Lettre du Pr Tito Prosov, non datée, destinataire inconnue
Pensif, Deathman entra dans son bureau du 99e étage de la Deathman Tower. Quelques problèmes commençaient à surgir dans l'application du Protocole. Ainsi, on avait dû faire assassiner outre-Atlantique, à L'Agglomération, un consultant en électroménager un peu trop curieux et consciencieux. Deathman savait très bien que cela risquait de se produire un jour ou l'autre, mais si tôt, si tôt ... Quelqu'un se racla la gorge. Supposant que c'était lui-même, Deathman se gifla car il détestait ce son. Lequel recommença. Aussitôt, dégainant une mitrailleuse Gatling de la poche intérieure de sa veste, Deathman tira au hasard sur tout ce qu'il pouvait toucher dans le bureau (heureusement, les vitres étaient désormais blindées). Après une demi-heure de cet exercice, Deathman, satisfait, s'assit à sa table de travail. Mais le raclement de gorge retentit une troisième fois, et Deathman réussit alors à en identifier l'origine : c'était l'homme sur lequel il venait de s'assoir (et qui attendait vraisemblablement là depuis longtemps). Maugréant, Deathman se leva, permettant à l'homme de se redresser d'un air digne. Deathman le salua :
« Bonjour, professeur Prosov.
- Bonjour, Vorontsovitch, répondit le professeur.

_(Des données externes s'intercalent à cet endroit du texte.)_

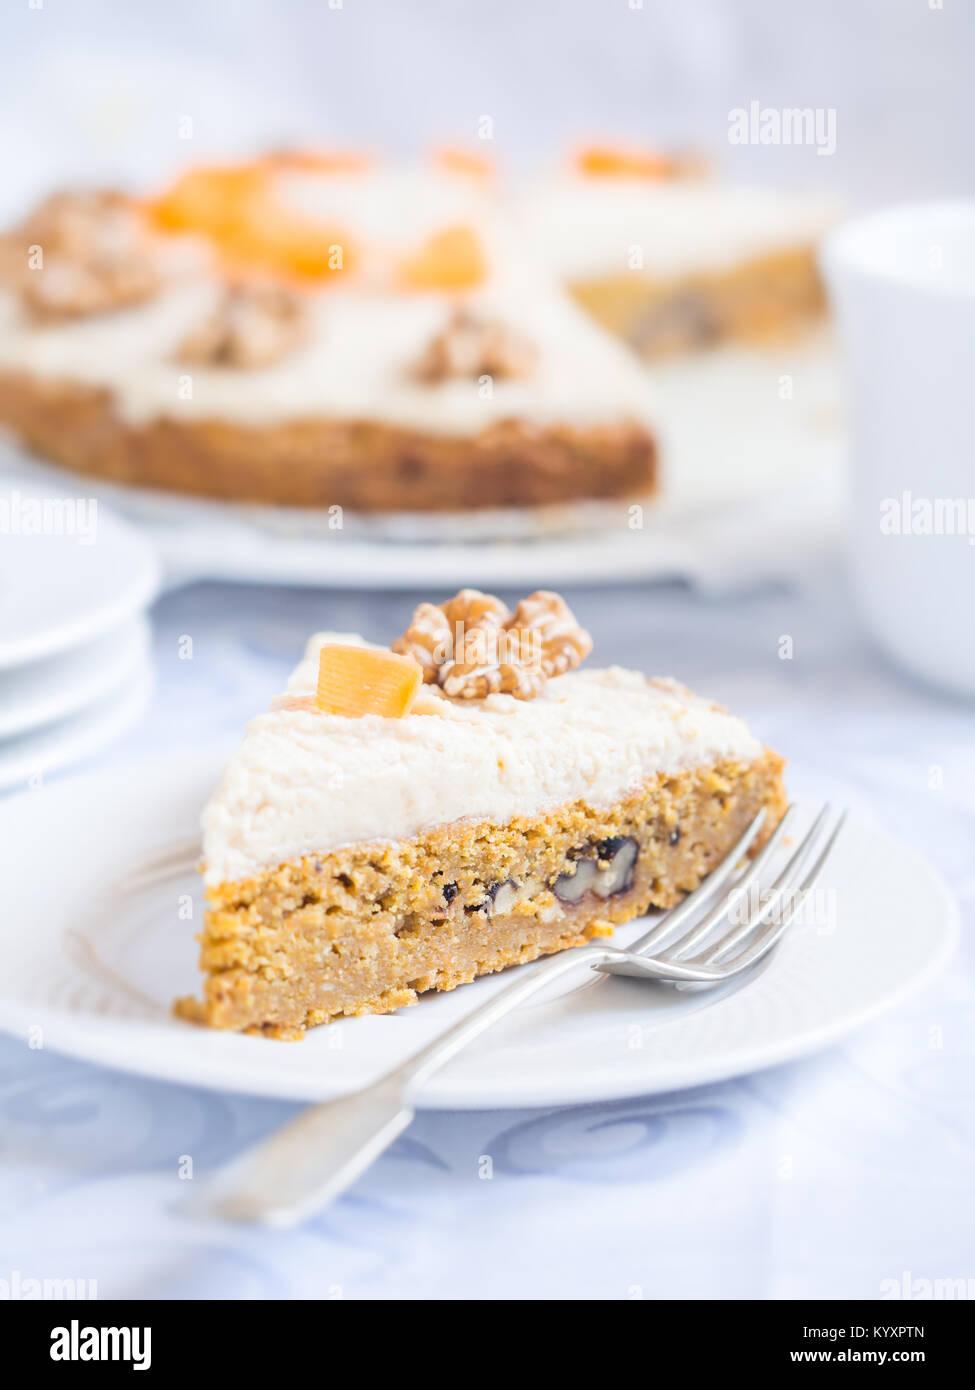 Slice of gluten-free carrot cake. - Stock Image
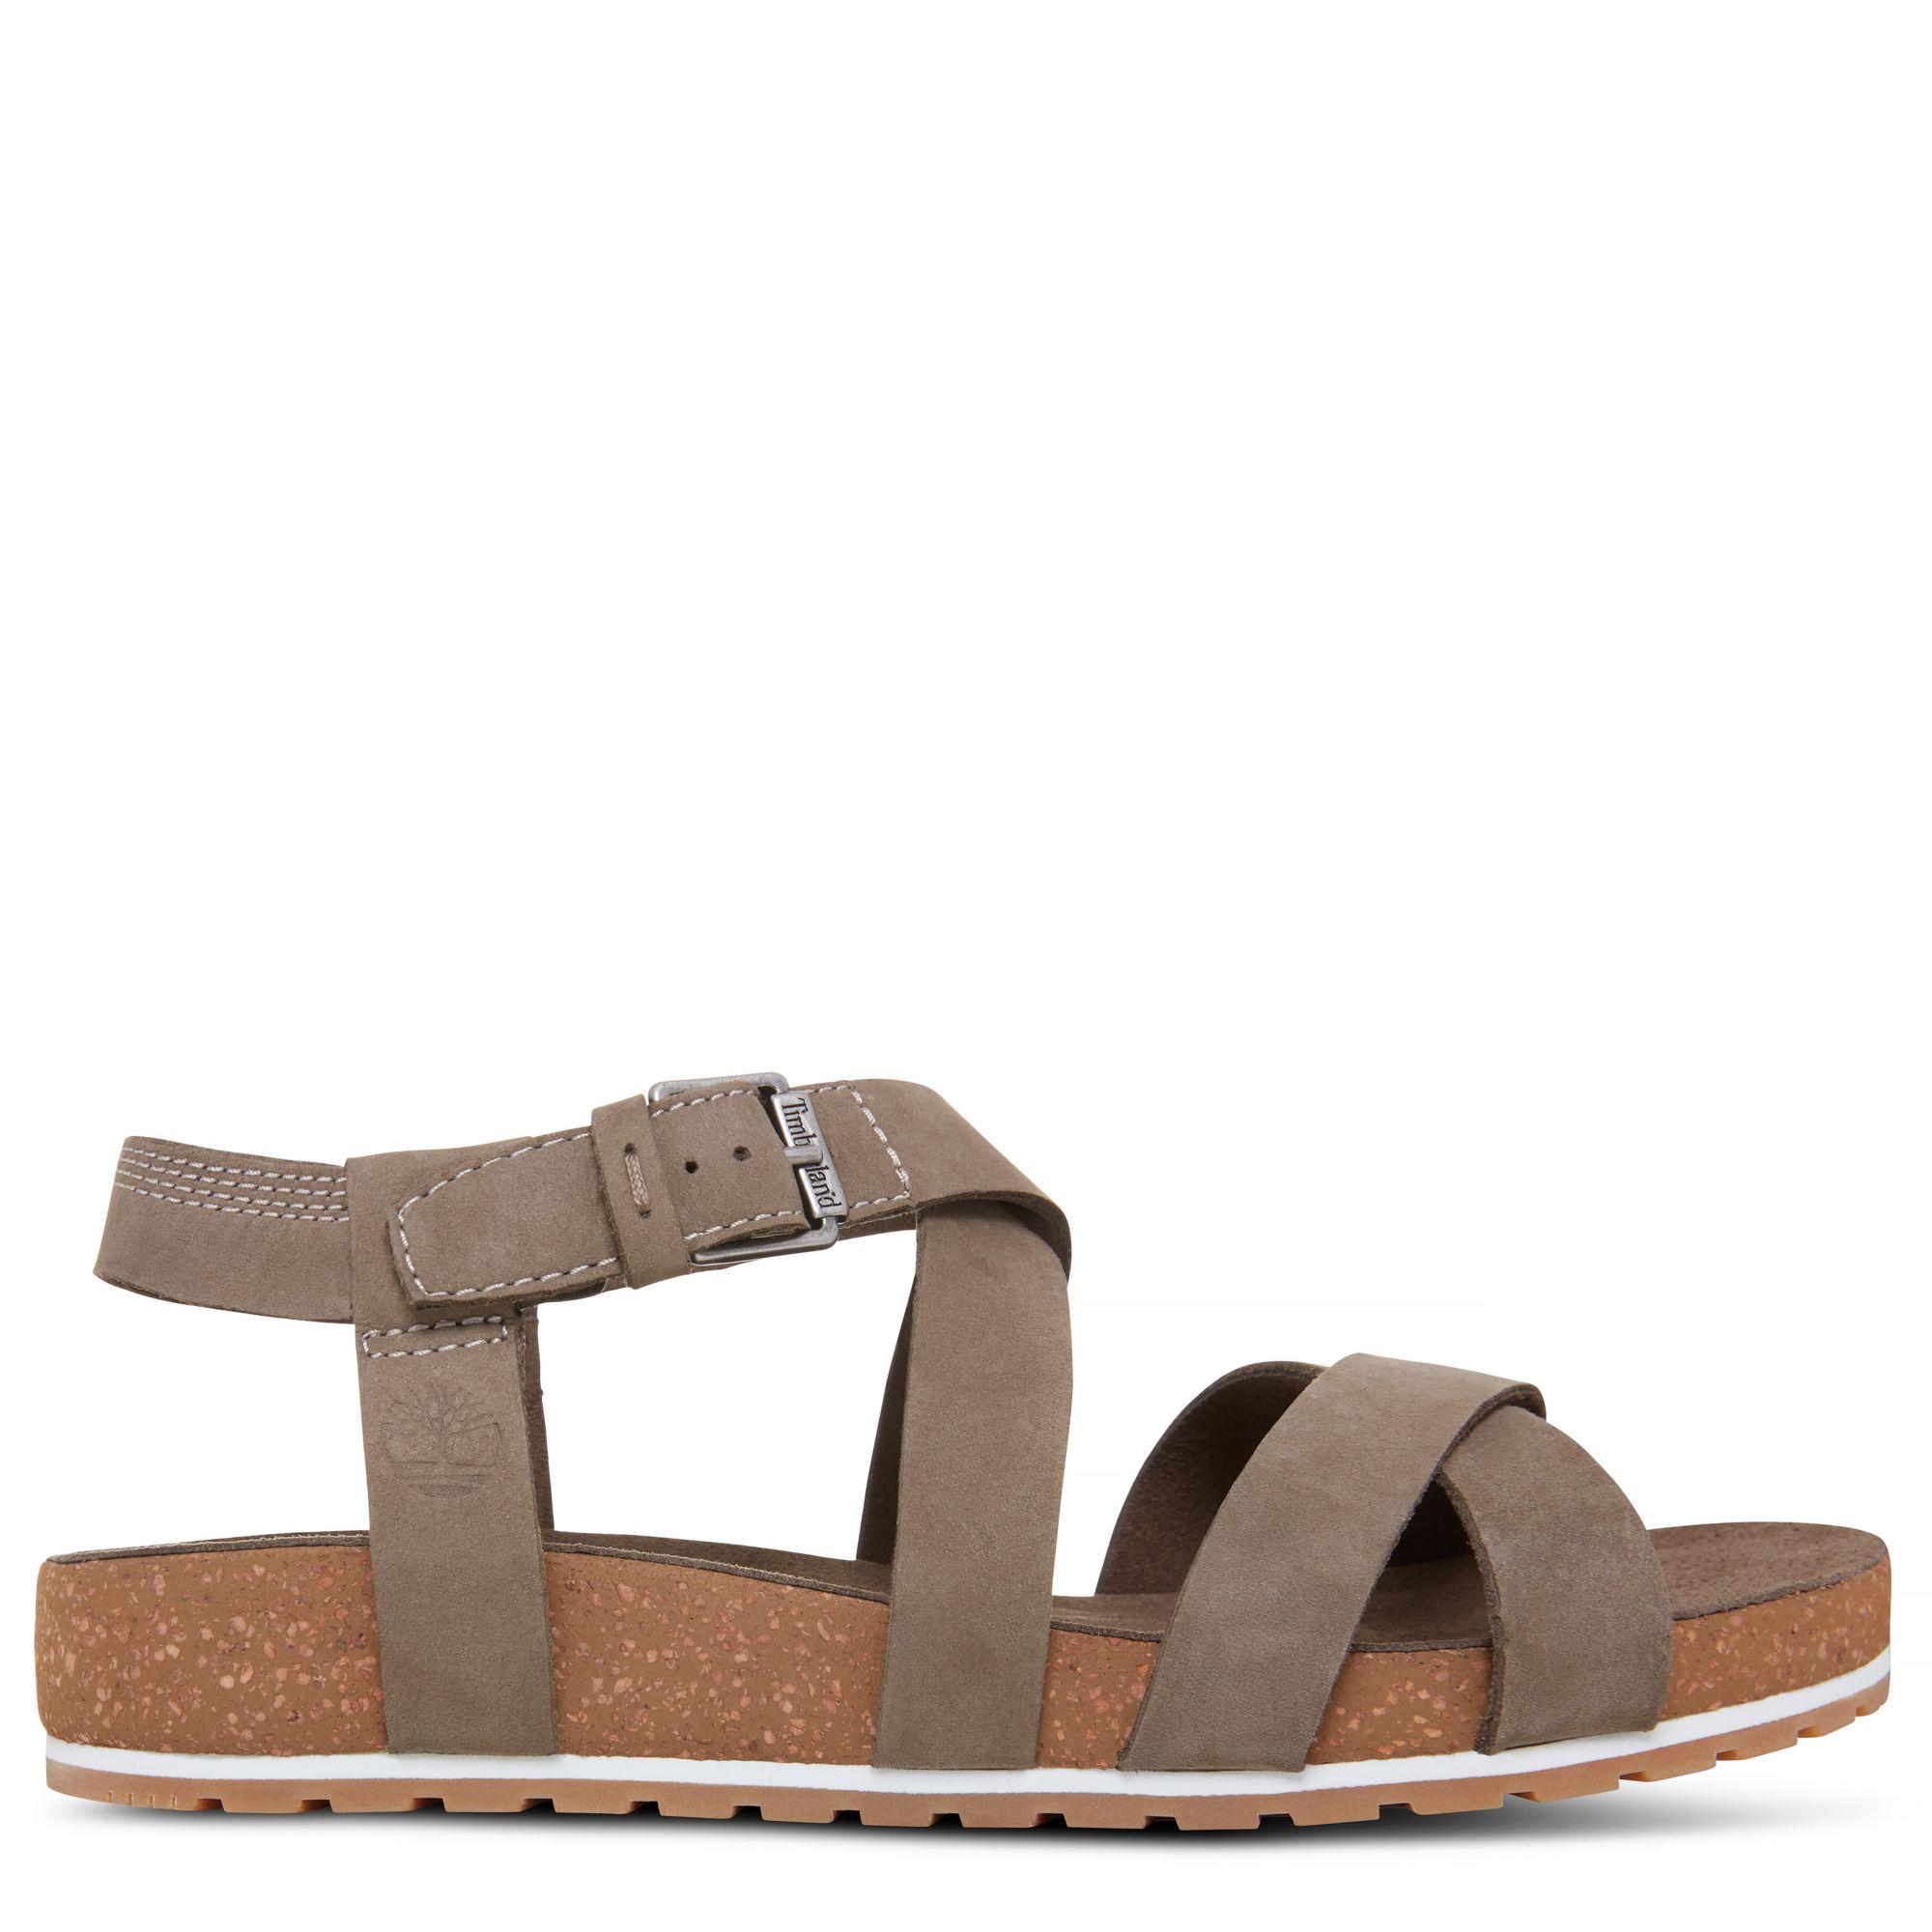 Timberland Women's Malibu Waves Ankle Strap Sandal Greige at

- Il y avait bien longtemps que personne ne m'avait appelé par ce nom.
- Je m'en doute, mais j'ai toujours eu une profonde aversion pour les noms américains. Et pour le jus de pamplemousse, aussi.
- Moi, ce sont les chaussettes à fleur que je ne peux pas voir.
- Je sais, tu piquais une crise quand on t'en offrait.
- Vous ne m'avez jamais offert de chaussettes à fleur.
- Si, si, en 1962, quand on nous a accordé des fonds supplémentaires, nous avons décidé de te faire un cadeau pour célébrer l'occasion.
- Oh ! C'est vrai, je m'en souviens, à présent. Mais elles sentaient mauvais.
- Ce doit être pour ça que tu n'aimes pas les chaussettes à fleurs. Traumatisme d'enfance.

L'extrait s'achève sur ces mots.